------ RECORDED INFORMATION ------

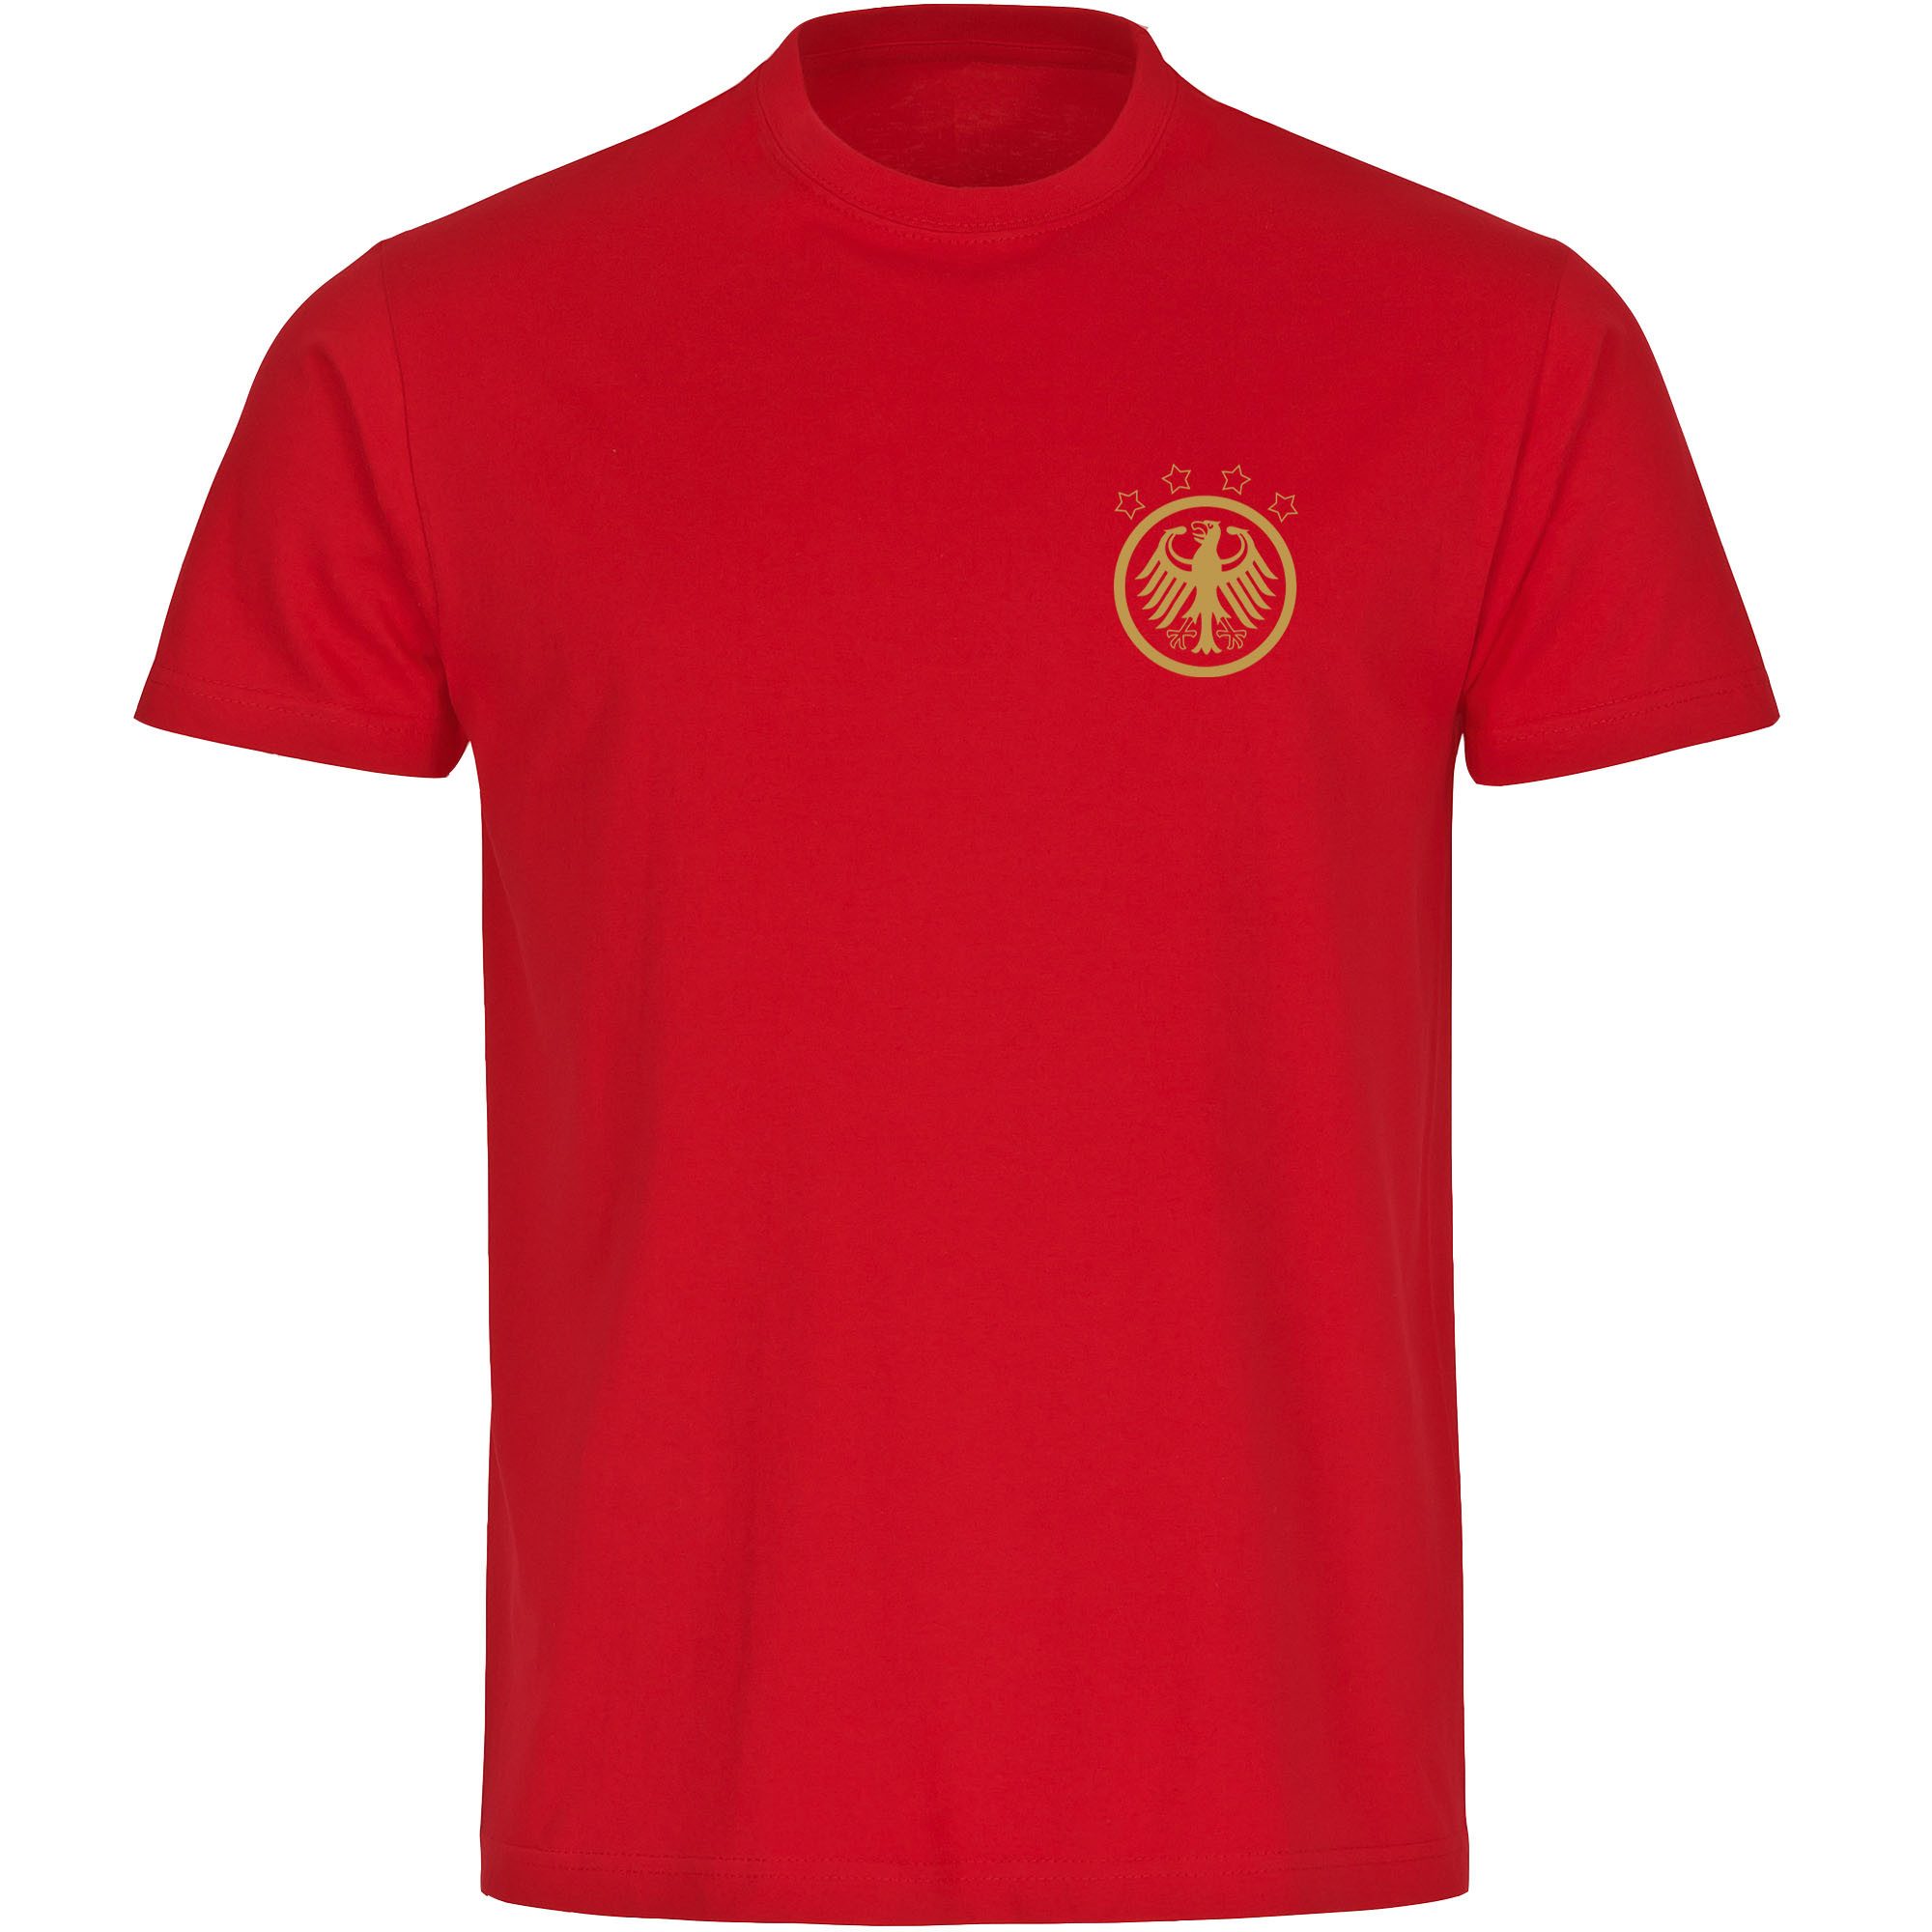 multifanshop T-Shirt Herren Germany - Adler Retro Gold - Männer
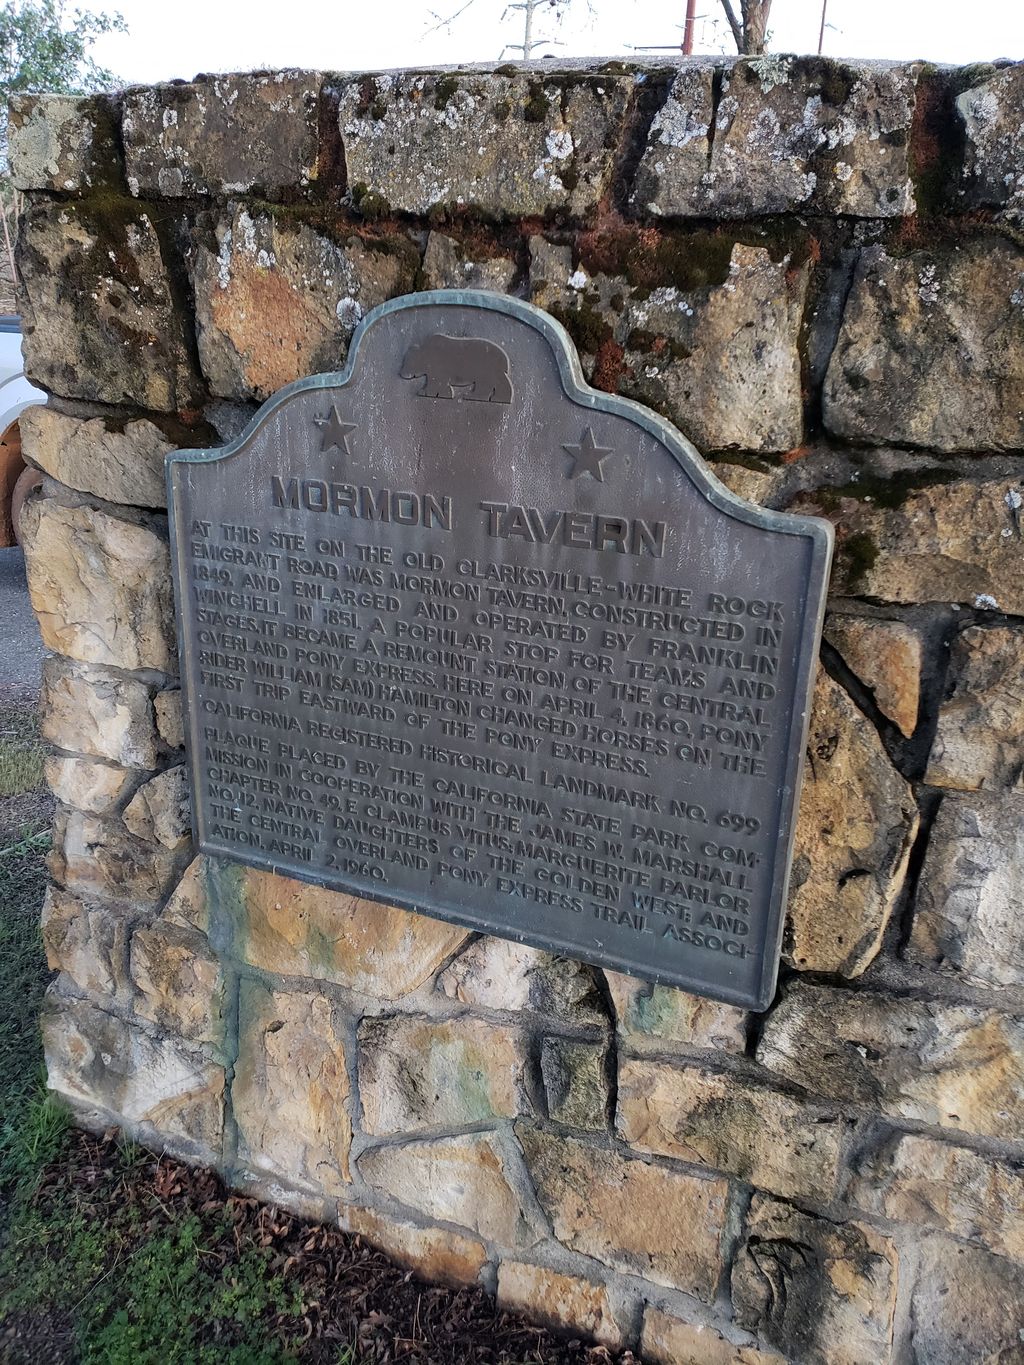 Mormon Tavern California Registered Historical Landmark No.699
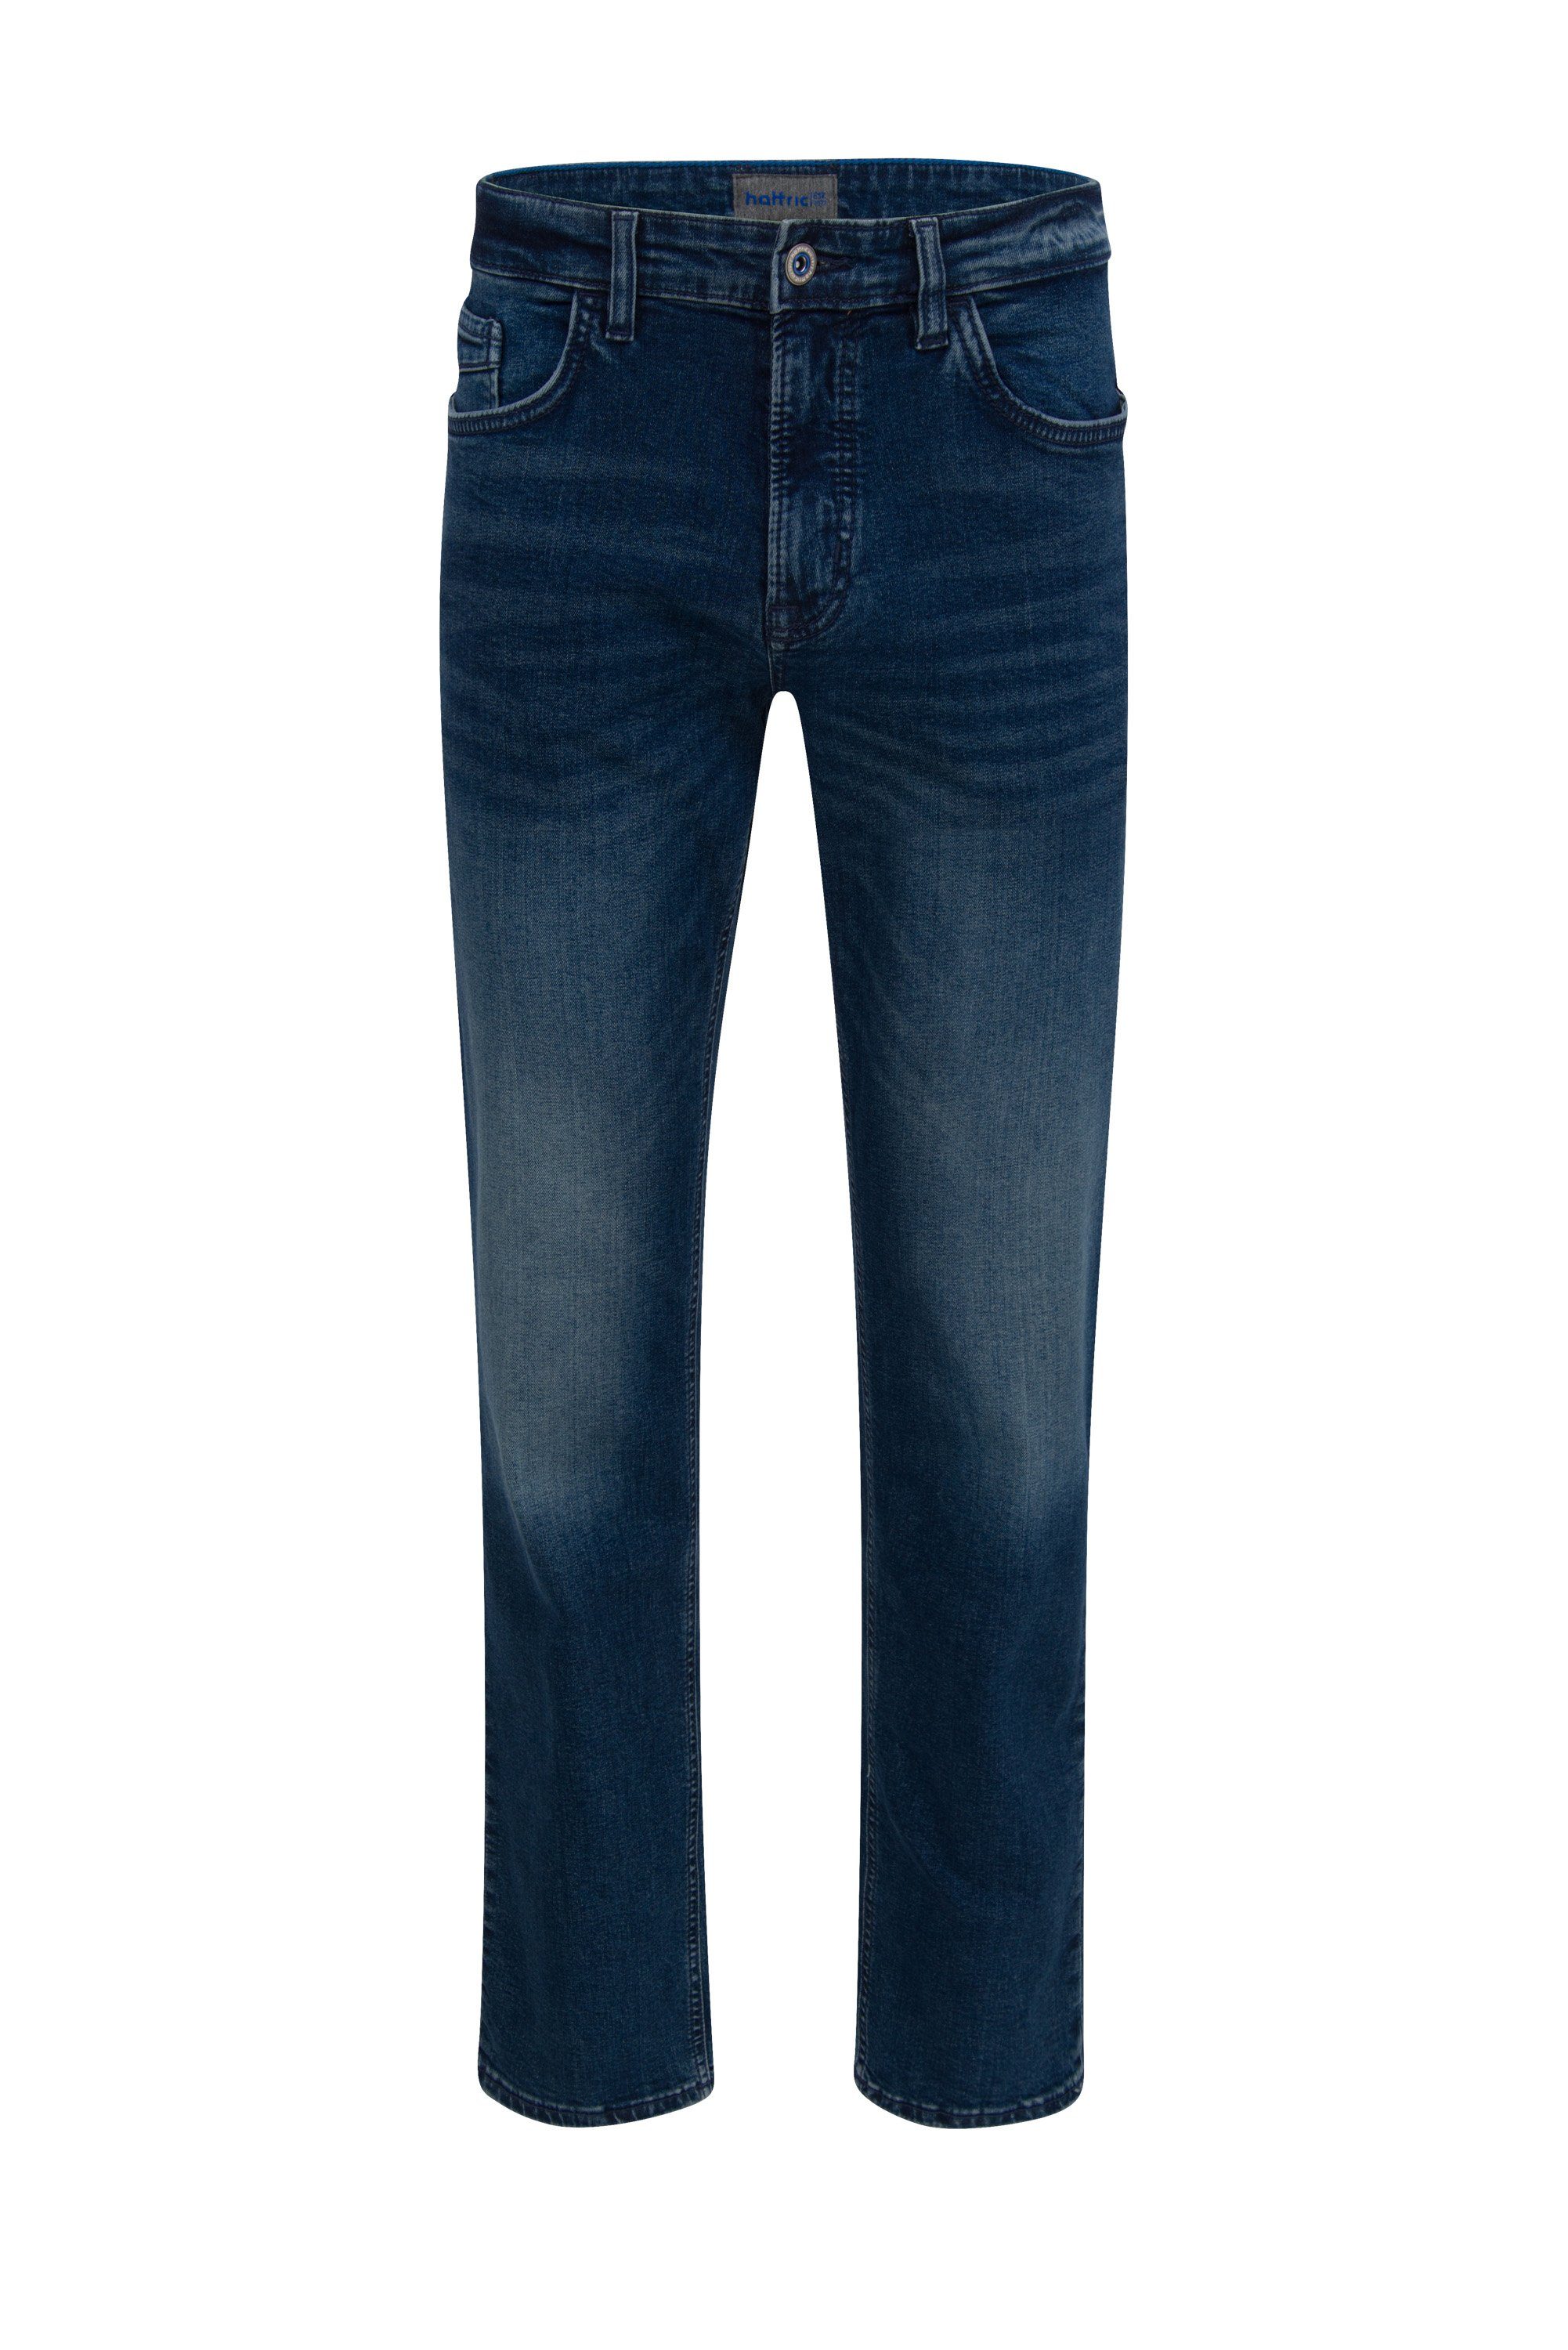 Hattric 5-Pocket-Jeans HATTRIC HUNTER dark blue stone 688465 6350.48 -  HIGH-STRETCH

------

ABOUT THIS EXERCISE
Please restate the material word for word; the pictures stay out.

REPLY
 multifanshop T-Shirt Herren Germany - Adler Retro Gold - Männer
 Mormon Tavern California Registered Historical Landmark No.699
 Hattric 5-Pocket-Jeans HATTRIC HUNTER dark blue stone 688465 6350.48 -  HIGH-STRETCH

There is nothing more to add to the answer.